It is clear from the mRNA data presented in Figure 3, Figure 4 and Figure 5 and the protein data in Figure 6 that there is not a linear relationship between changes in mRNA level and protein level for the cytokine mRNA/protein combinations quantified. In order to investigate the relationship between mRNA and protein expression in hypoxia and during viral infection, the mRNAs coding for the top ten up- and downregulated cytokine and immune-related proteins identified from the antibody array in the HOC43 condition compared to the NOC43 were analyzed for the presence of putative internal ribosomal entry sites (IRESs) within their 5′UTRs using the Human IRES Atlas database [49,50]. Interestingly, analysis revealed that the mRNAs coding for seven out of the ten most upregulated proteins in HOC43 contain a putative IRES within the 5′UTR, compared to zero out of ten for the mRNAs of the downregulated cytokine and immune-regulated proteins identified in the array (Figure S2).

4. Discussion

Cytokine Storm (CS) has been implicated in increased mortality not only in COVID-19 [4] but also in many other severe inflammatory conditions such as bacterial sepsis [6]. Understanding the molecular mechanisms underlying CS is critical for developing targeted therapeutic strategies.

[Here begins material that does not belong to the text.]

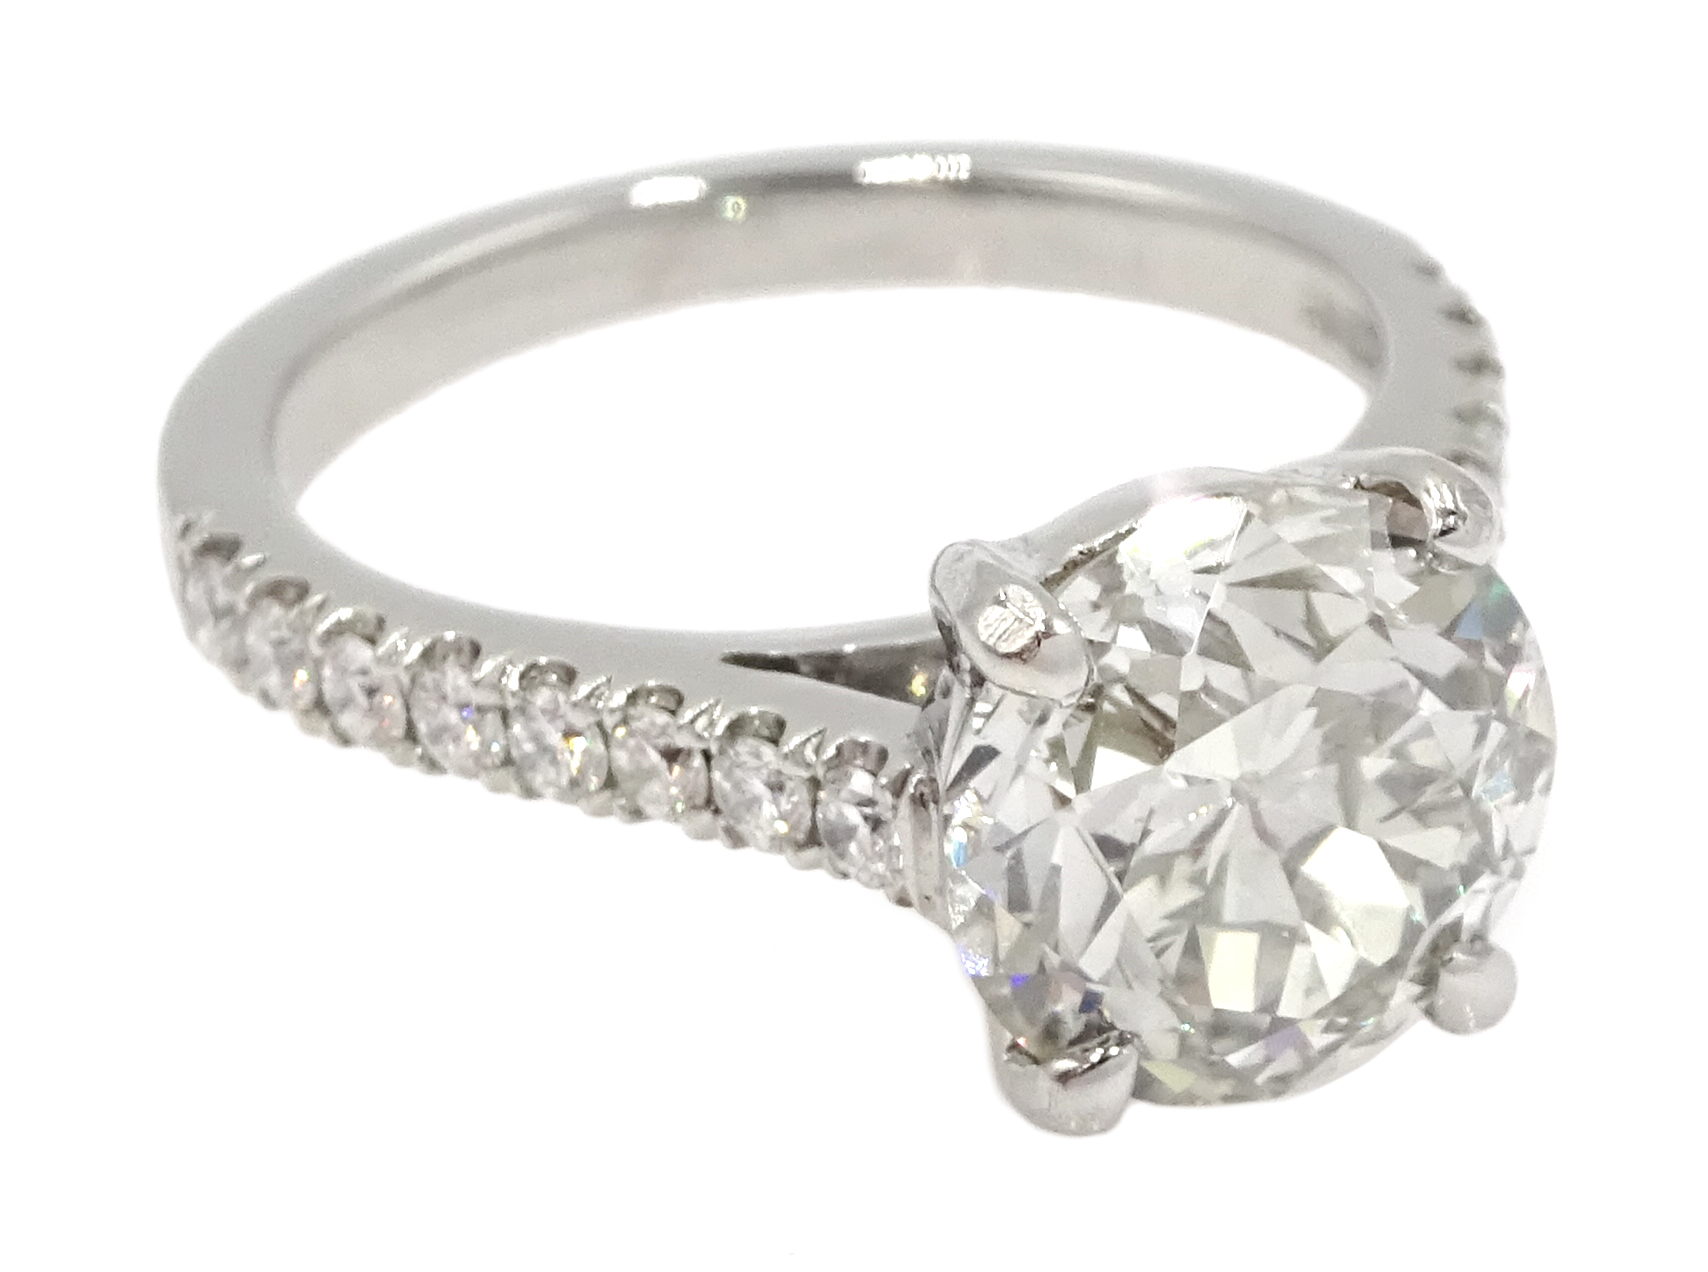 Platinum old cut diamond solitaire ring - Image 3 of 9

Differentially expressed genes. Analysis of our RNA sequencing data revealed that both hypoxia (HAlone) and HCoV-OC43 infection in normoxia (NOC43) individually caused changes in expression in a large number of genes, and additionally that hypoxia is able to strongly amplify signaling pathways activated by HCoV-OC43 infection, enhancing these responses in distinct ways (Figure 1 and Figure 2).
Synergistic upregulation. Importantly, the total number of differentially expressed genes (DEGs) was greater in the HOC43 condition (4551 genes) than the sum of the genes regulated by either stressor alone (HAlone and NOC43) (4252 genes, Figure 1C), suggesting synergistic regulation (in which the fold change caused by hypoxia and virus together is more than double the sum of the fold changes caused by either factor alone) of a number of genes, involving hypoxia and virus infection combined.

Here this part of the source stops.